Task instructions: Your task is to transcribe the data exactly while omitting each picture.
====================
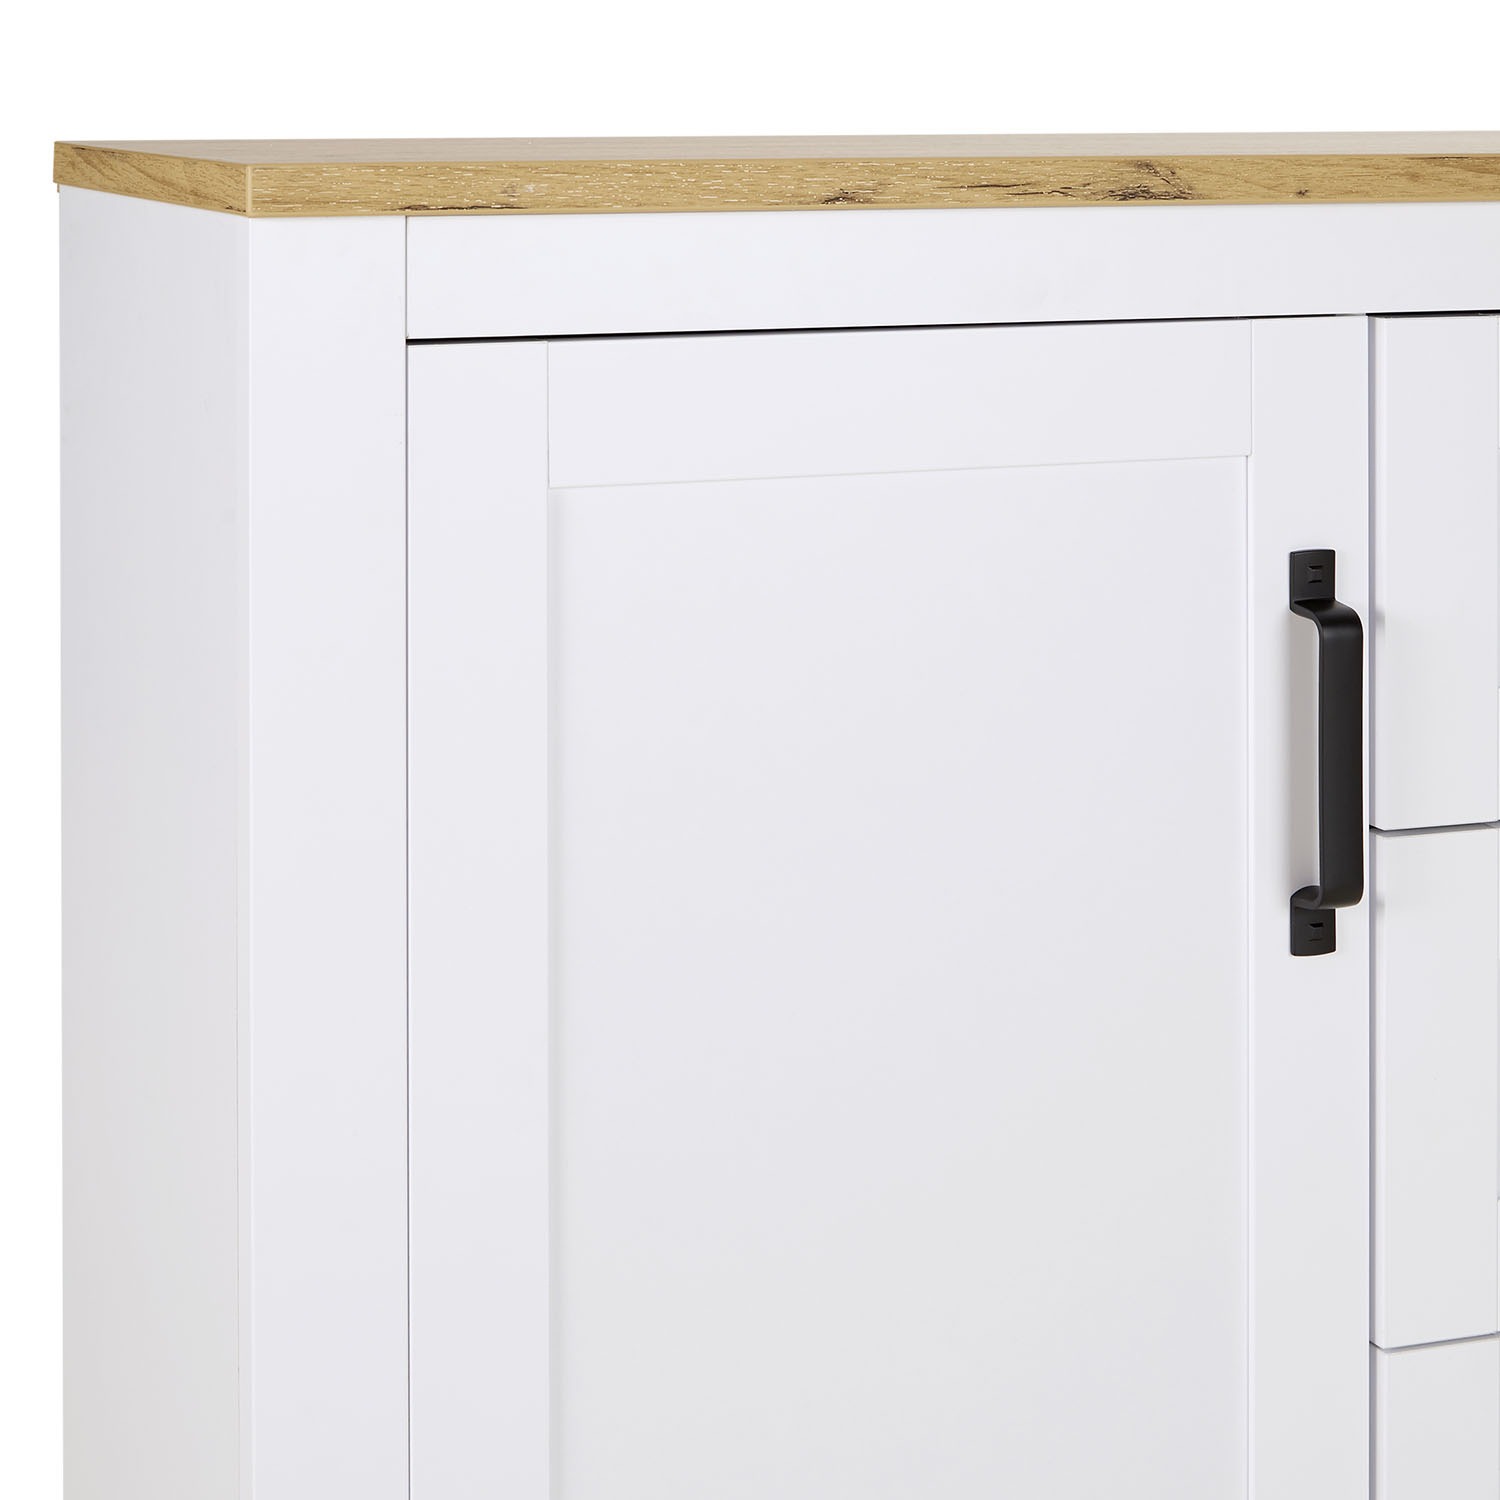 Kommode Sideboard Weiß 150 cm mit 3 Schubladen Schrank Holz Eiche Highboard Anrichte Beistellschrank
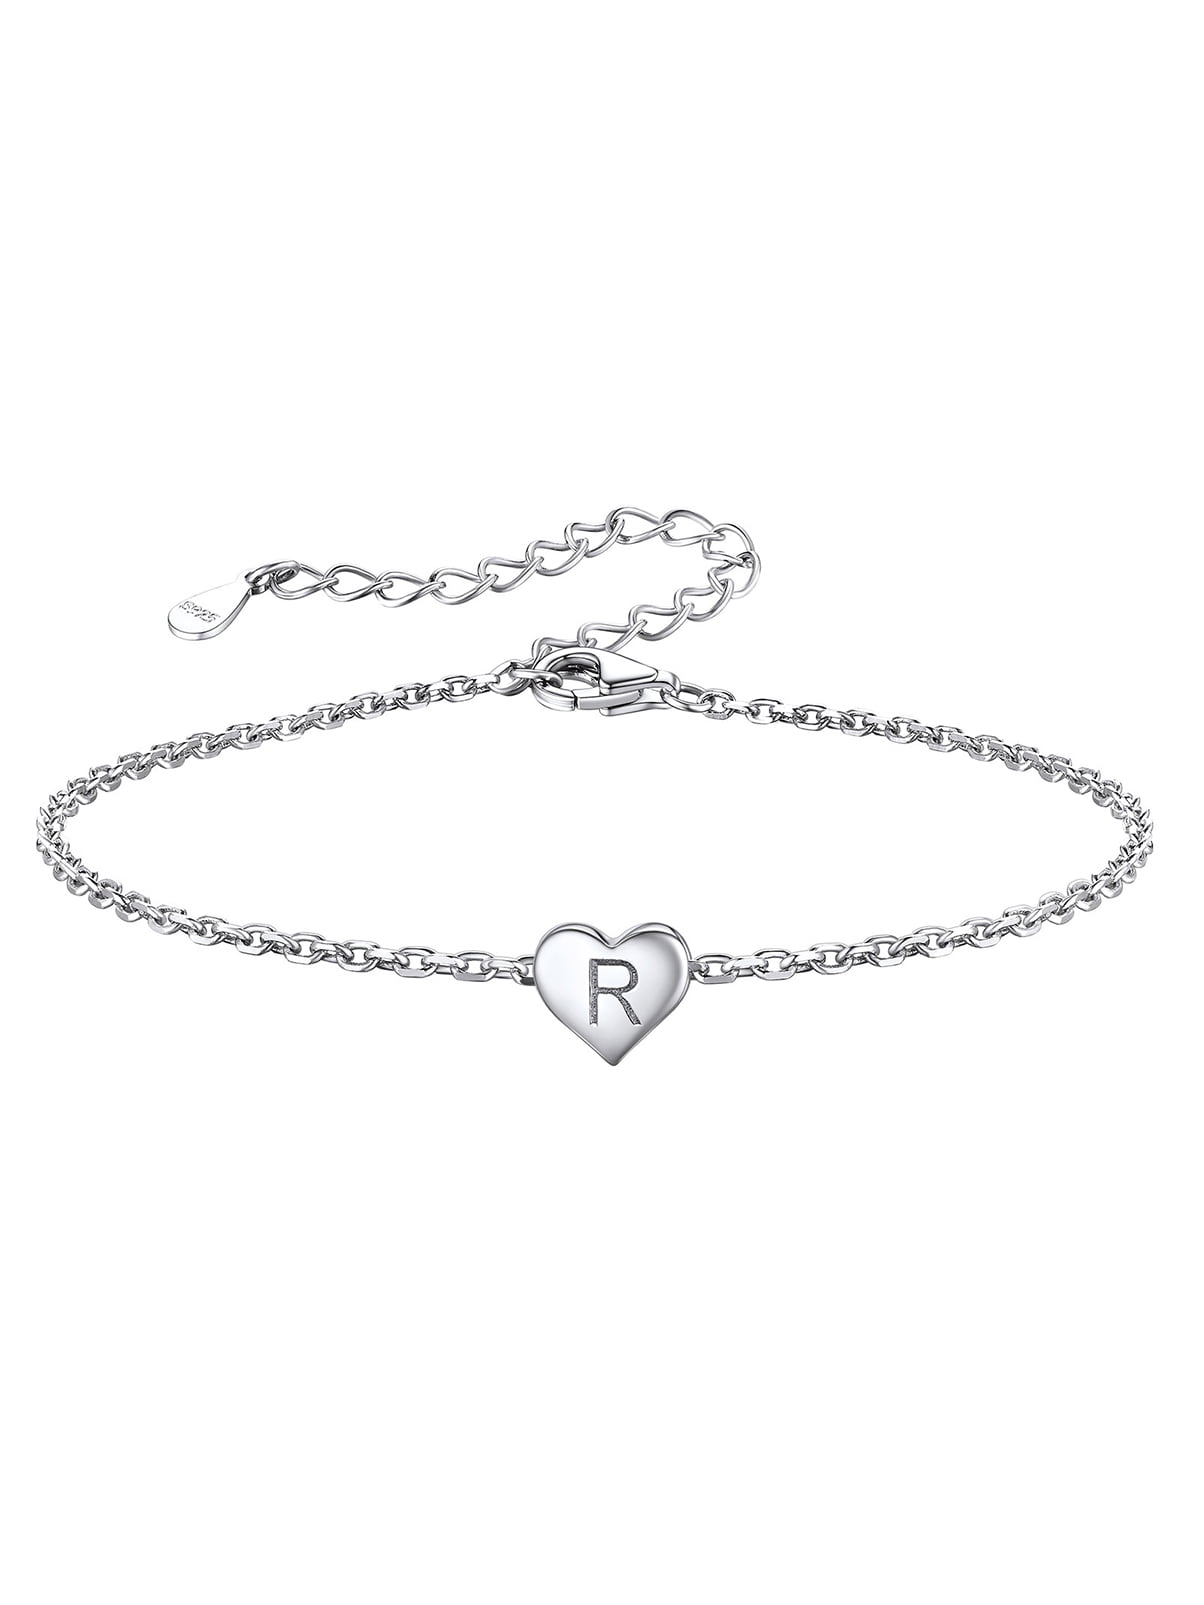 Personalized Silver Bracelets | Silver Bracelets
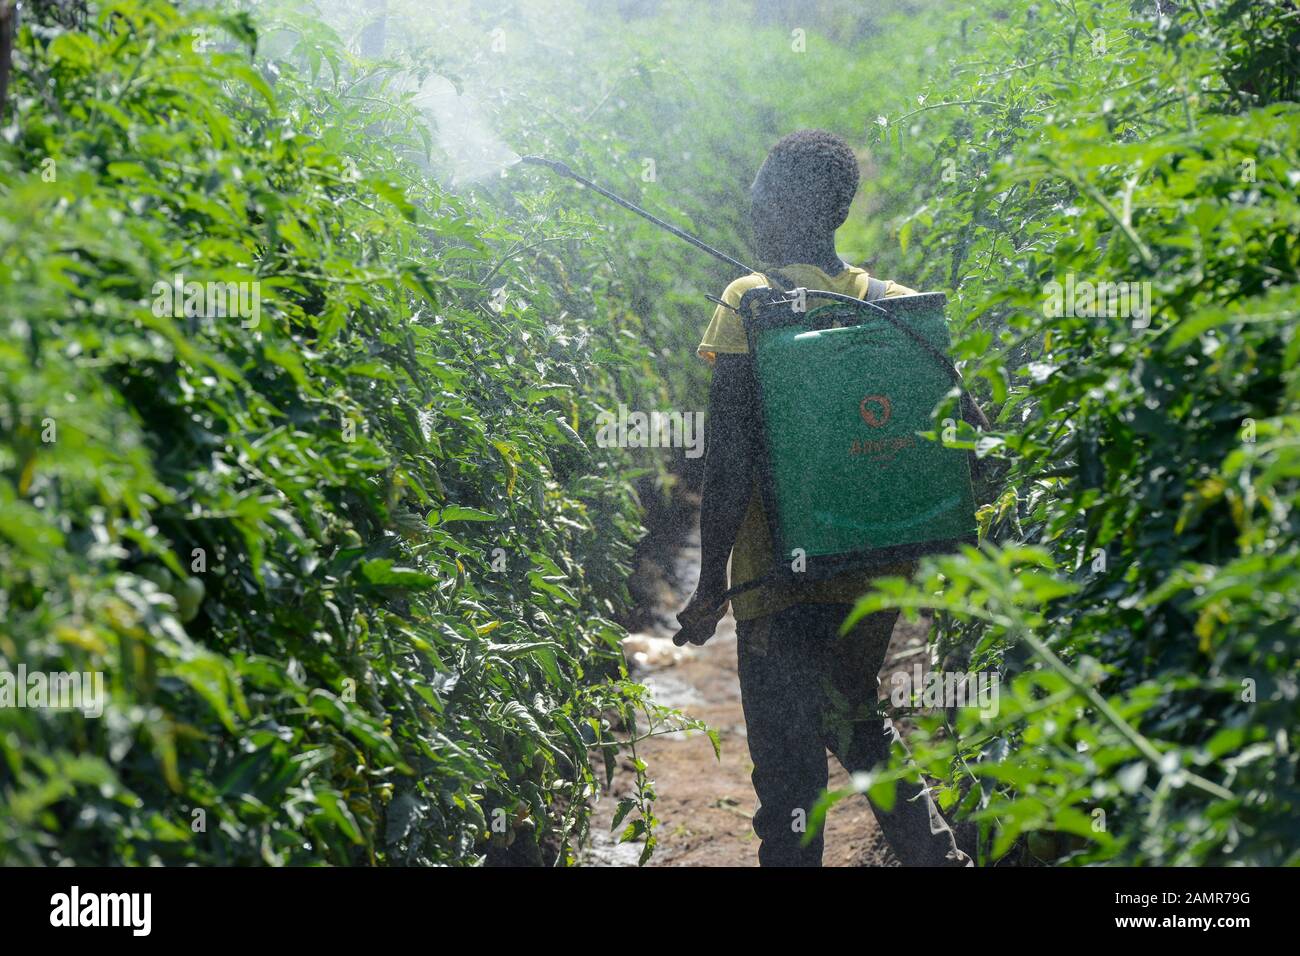 ZAMBIE, Mazabuka, production de tomates, pulvérisation de pesticides et de fongicides, contamination Banque D'Images
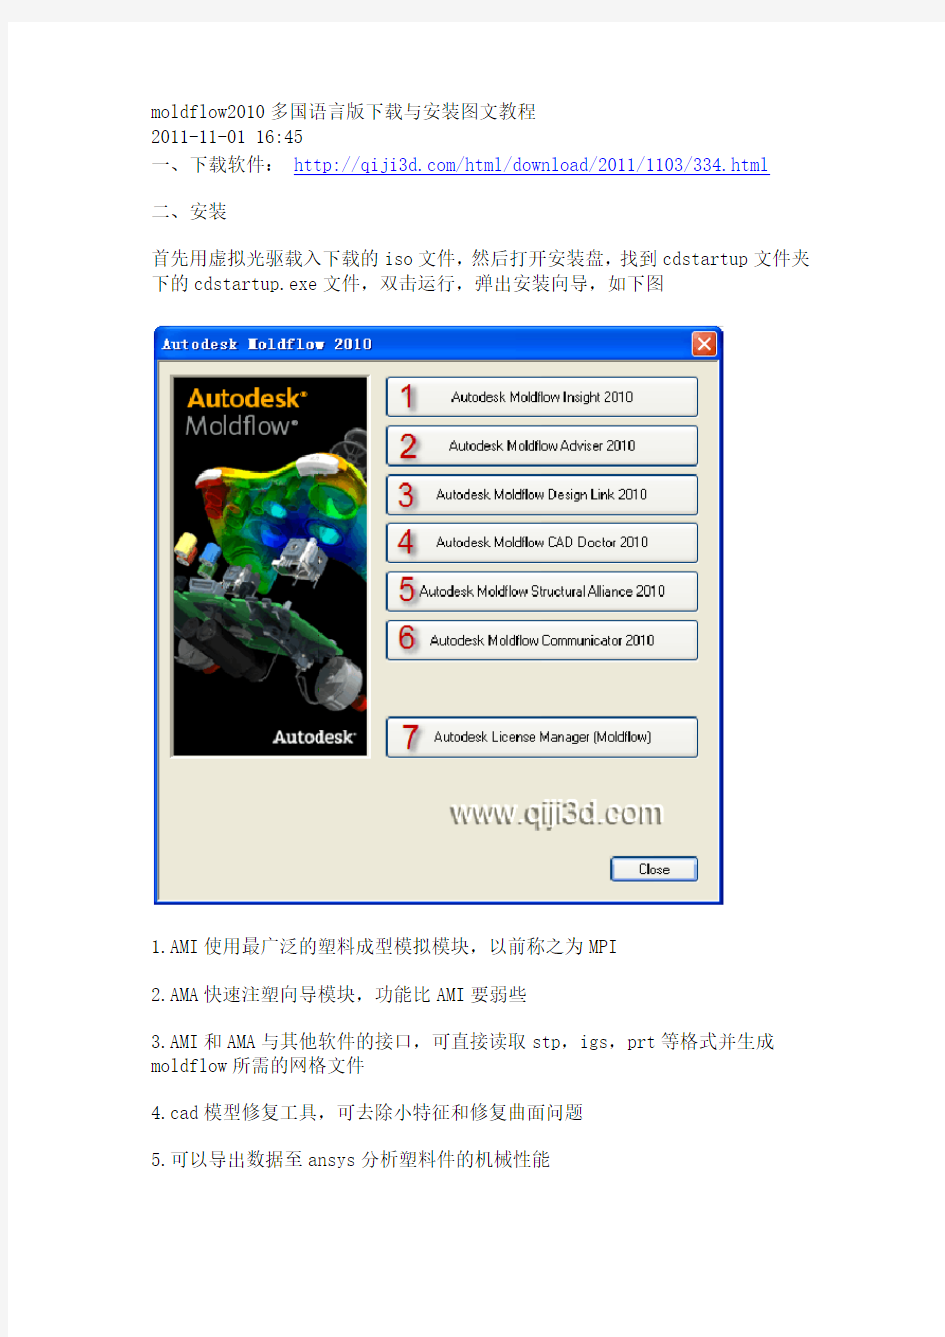 moldflow2010多国语言版下载与安装图文教程
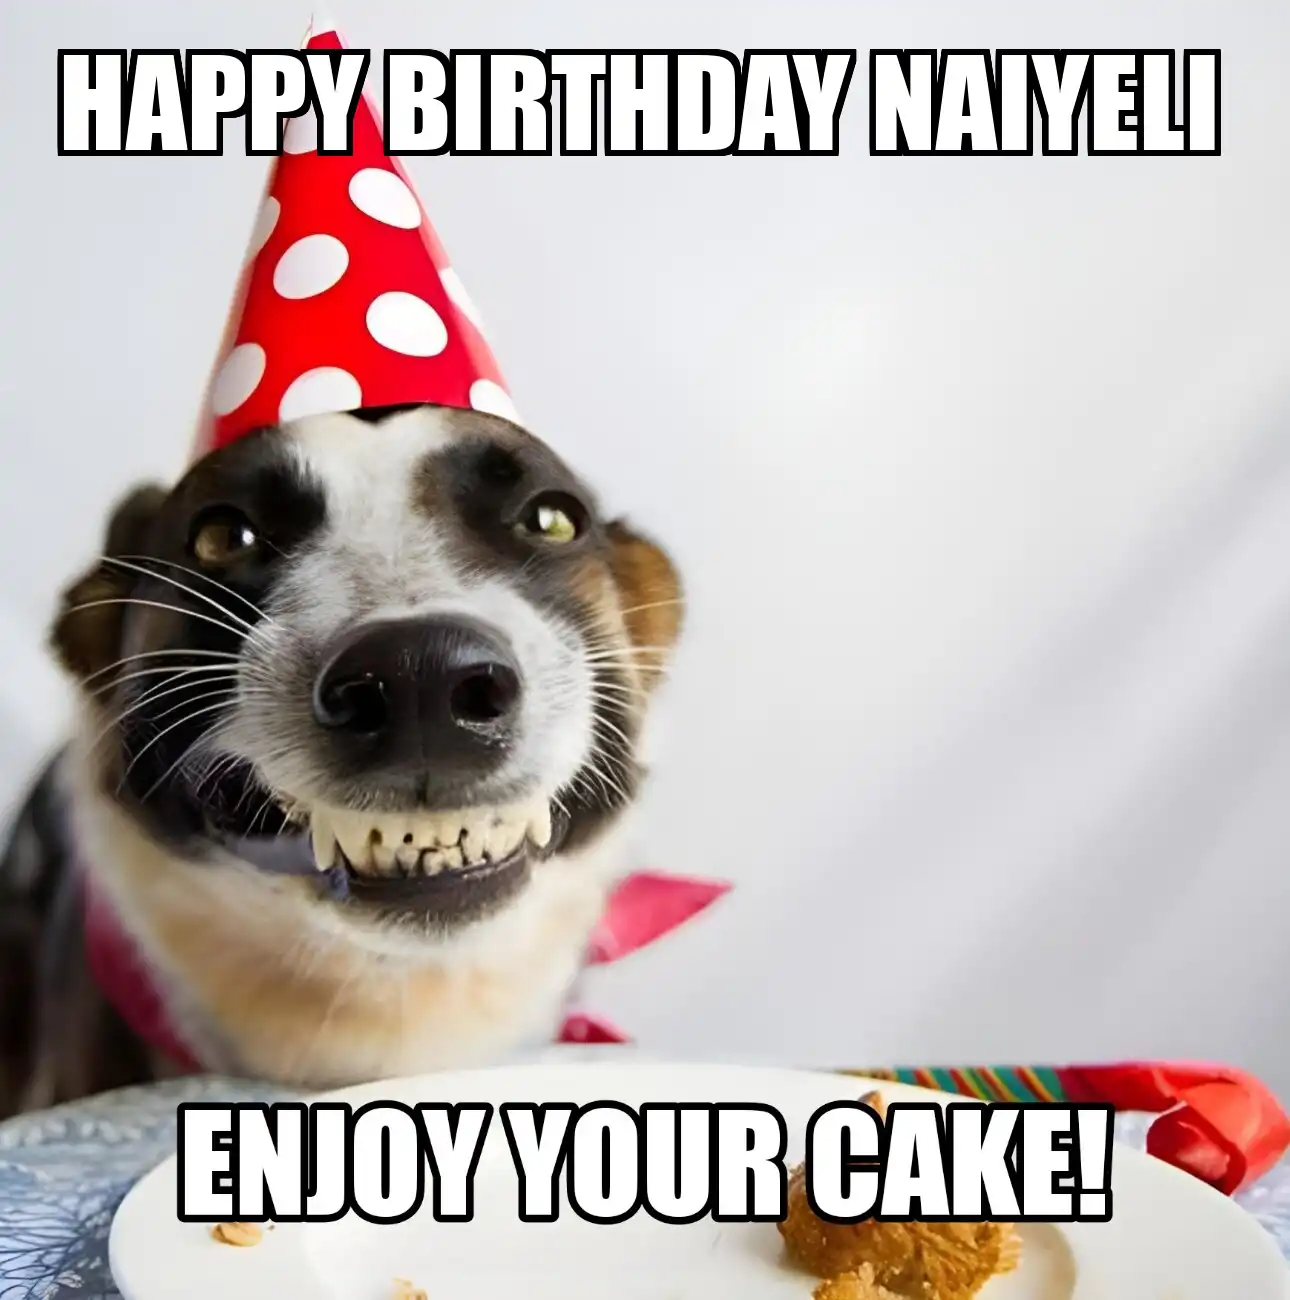 Happy Birthday Naiyeli Enjoy Your Cake Dog Meme
====================
Written reply:
 Kommode Sideboard Weiß 150 cm mit 3 Schubladen Schrank Holz Eiche Highboard Anrichte Beistellschrank
 Personalized Silver Bracelets | Silver Bracelets
 ZAMBIE, Mazabuka, production de tomates, pulvérisation de pesticides et de fongicides, contamination Banque D'Images
 moldflow2010多国语言版下载与安装图文教程
 Happy Birthday Naiyeli Enjoy Your Cake Dog Meme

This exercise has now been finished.